Zu den Neuerungen gehörten die Richtlinienkompetenz des Bürgermeisters, die Umstellung vom Feierabend- auf ein Teilzeitparlament und die Erweiterung des repräsentativ-parlamentarischen Systems um Elemente direkter Demokratie, die es zum Teil schon in der Verfassung von 1921 gegeben hatte.

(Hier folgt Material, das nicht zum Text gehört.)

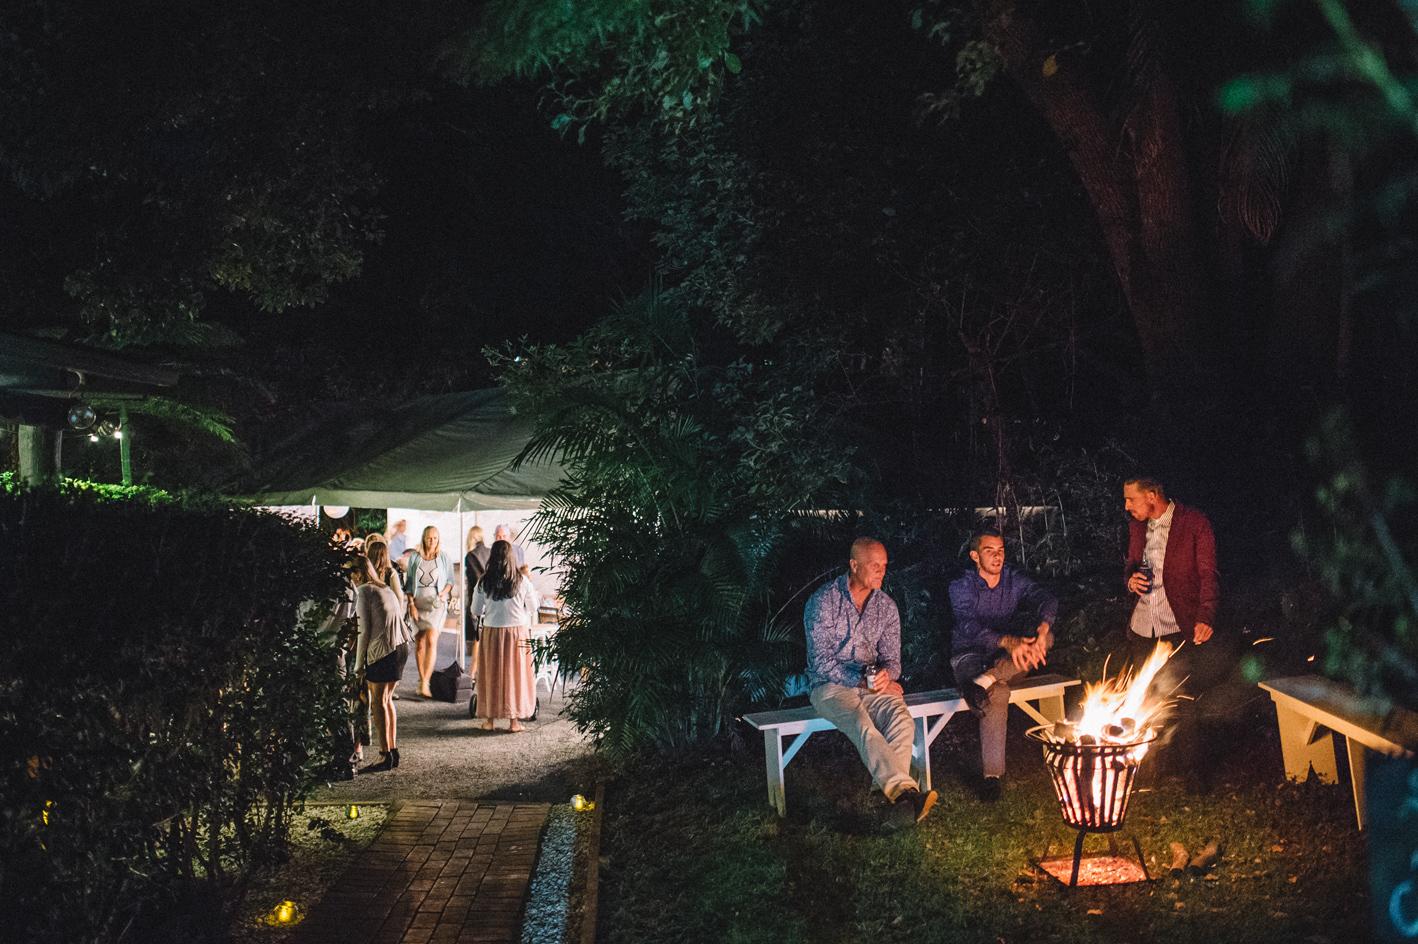 082-michelle-reagan-mount-tamborine-wedding-sophie-baker-photography

Wir haben im Laufe der Jahre auch gesellschaftliche Anliegen und neue Ziele in die Verfassung aufgenommen, die 1952 noch nicht im öffentlichen Bewusstsein standen.
1996 hat sich Hamburg das Staatsziel gesetzt, die Gleichstellung von Frauen und Männern zu fördern.
Seit 1986 verpflichtet uns die Verfassung zum Schutz der natürlichen Lebensgrundlagen, seit Februar 2020 zur Begrenzung der Erderwärmung und damit zum Klimaschutz.
Hamburg hat damit gleich zwei Mal bundesweit eine Vorreiterrolle übernommen.
Meine Damen und Herren,
unsere Verfassung hat maßgeblich zur positiven Entwicklung Hamburgs nach dem Zweiten Weltkrieg beigetragen.
Im Verbund mit dem Grundgesetz ist sie ein starkes Fundament für die Staatsorganisation in Hamburg und ein gutes Zusammenwirken von Bürgerschaft, Senat und Verfassungsgericht.
Die Hamburger Verfassung gibt uns Orientierung und demokratische Stabilität. Sie mahnt und verpflichtet uns auf grundlegende Werte und Ziele zum Wohle aller Bürgerinnen und Bürger unserer Stadt.
Meine Damen und Herren,
Max Brauer hat in seiner Amtszeit den gesamten Prozess der Verfassungsgebung begleitet und rief den Anwesenden am Tag der finalen Abstimmung in der Bürgerschaft die Worte ins Gedächtnis, die über dem Rathaus-Eingang stehen:
„Die Freiheit, die schwer errungen die Alten, möge die Nachwelt würdig erhalten.“
Der Angriff Russlands auf die Ukraine zeigt uns, welche Bedeutung diese Worte bis heute haben.
Herzlichen Dank.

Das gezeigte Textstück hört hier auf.